Autor |
Wiadomość |
Piotr-246 |
Wysłany: Pon 15:59, 13 Gru 2021 Temat postu: |
|
Nowe i archiwalne Orędzia przekazane przez grupę Odrodzenie będą publikowane na forum:
odrodzenie . fora . pl |
|
|
Piotr-246 |
Wysłany: Pon 12:15, 09 Kwi 2018 Temat postu: |
|
(temat do góry) |
|
|
Piotr-246 |
Wysłany: Wto 13:30, 20 Lut 2018 Temat postu: |
|
Spotkania grupy "Odrodzenie" (Warszawa Siekierki - parafia przy ul. Gwintowej, Rzeszów - Pijarzy, Gliwice - Redemptoryści) są kontunuacją spotkań jakie rozpoczął kiedyś o. Jan Sieg, prowadząc konferencję na temat objawień Anny Dąmbskiej. Wspólnota od poczatku interesowała się Orędziami różnych mistyków.
Po śmierci Anny Dąmbskiej w 2007 roku, grupa nadal otrzymywała Orędzia, Słowa Pana dla Polski, podpisane jedynie imionami osób spisujących przekazy.
Z początku dostawaliśmy kilka kartek rocznie, obecnie jest ich nawet kilkadziesiąt rocznie. Ich przeznaczeniem być może jest wydanie w formie książki. Jeśli uzyskam więcej informacji na ten temat, dam znać. |
|
|
Piotr-246 |
Wysłany: Wto 13:16, 20 Lut 2018 Temat postu: |
|
04.03.2017 rok
Pisz, Moje dziecko, oto jestem, by przekazać ci słowa związane z Moim królestwem jakim jest Polska, obrana przed wiekami na przewodnika narodów, za którym pójdą inne. Kolejne kraje potrzebują wsparcia i waszego zaangażowania w porządkowaniu otaczającej rzeczywistości, która obrosła brudem grzechu, sprzeniewierzenia się Boskim prawdom.
To wszystko, w czym tkwicie, także i wy jako naród, jest zakłamaną ideologią szczęścia na ziemi. Daliście sobie, jako zbiorowość, wmówić, że takie a nie inne prawa muszą obowiązywać, a kto ich nie przestrzega podlega osądowi i krytyce ze strony mocodawców (dominujące kraje w Unii Europejskiej), wyznaczających kierunki i trendy rozwoju poszczególnych państw.

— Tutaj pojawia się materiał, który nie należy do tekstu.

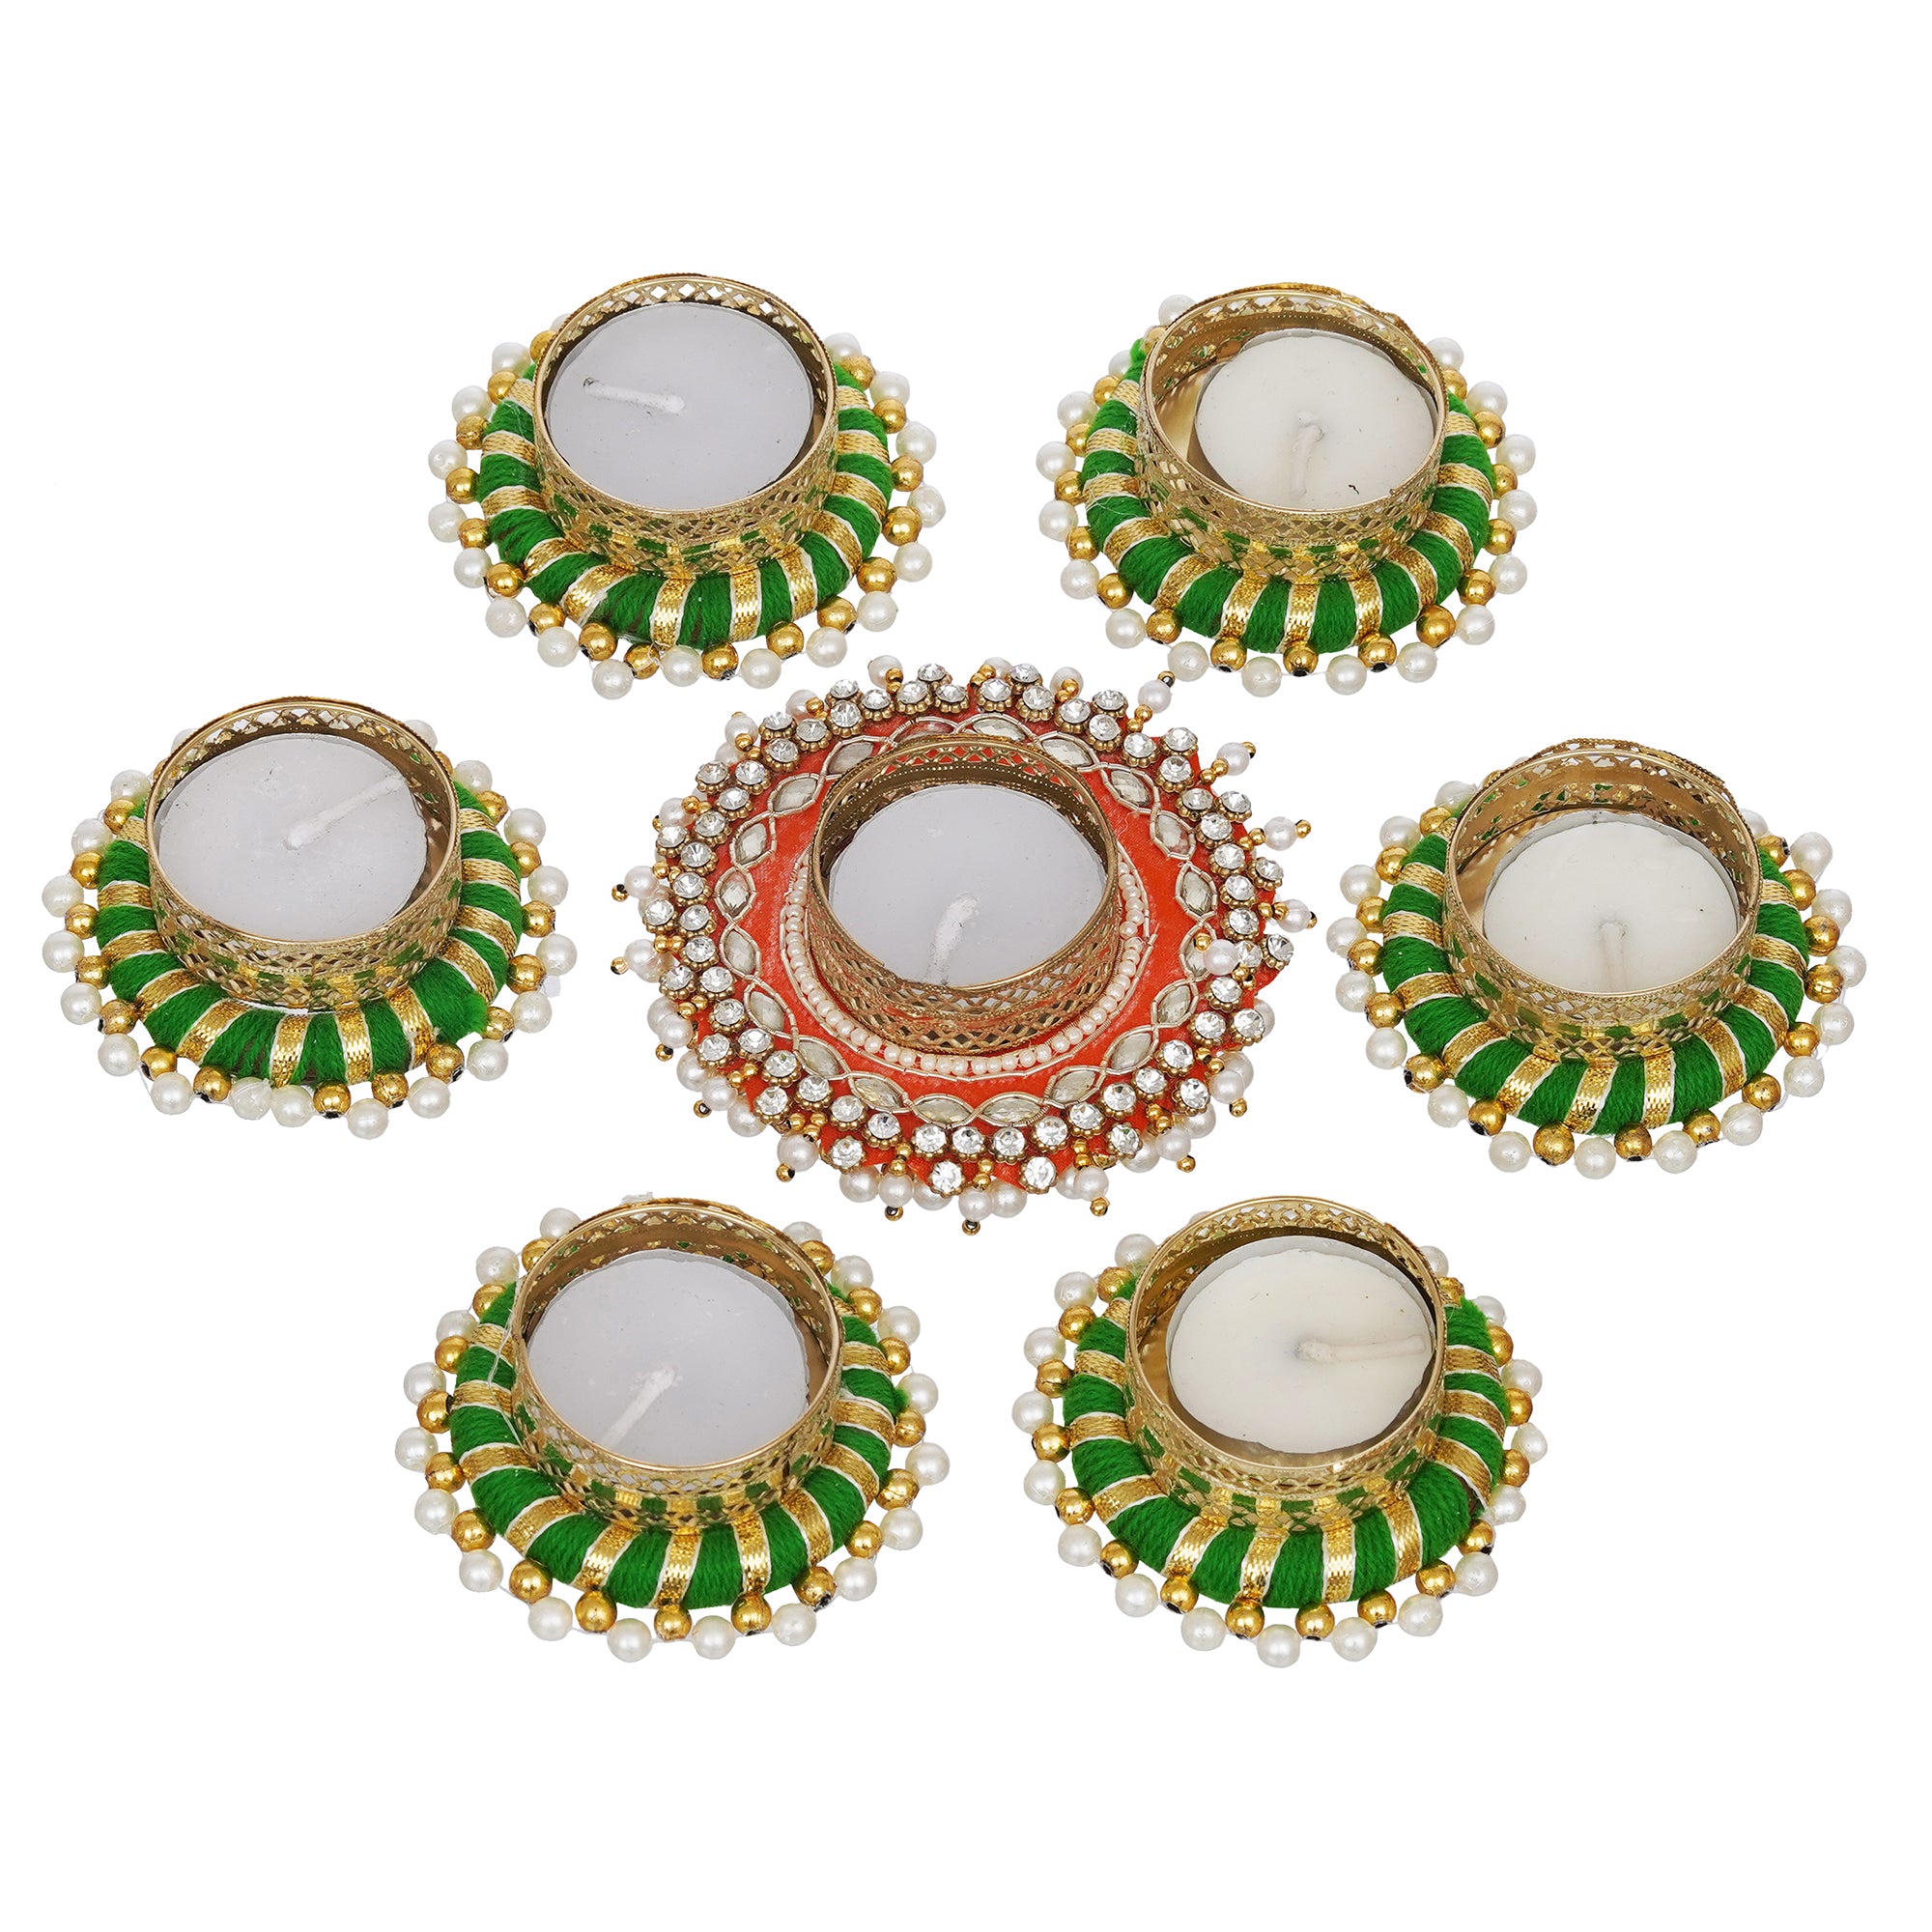 eCraftIndia Set of 7 Round Shaped Diamond Beads and Pearls Decorative Tea Light Candle Holders 2

Widzicie (Polacy) jak nieraz jesteście upokorzeni, łajani za starania, by przywrócić ład moralny, społeczny, prawodrządność i politykę suwerennego państwa. Wypaczone wizje górowania jednych nad drugimi, staranie o przywództwo, a zatem narzucanie swoich poglądów i hołdowanie własnym interesom, pogłębia kryzys wspólnoty państw (Unia Europejska) która w swym pierwotnym zamyśle miała służyć wszystkim jej członkom. Jej pierwsi założyciele opierali się na wartościach chrześcijańskich i dali jej mocne podwaliny, które odnosiły się do Mojej w niej obecności.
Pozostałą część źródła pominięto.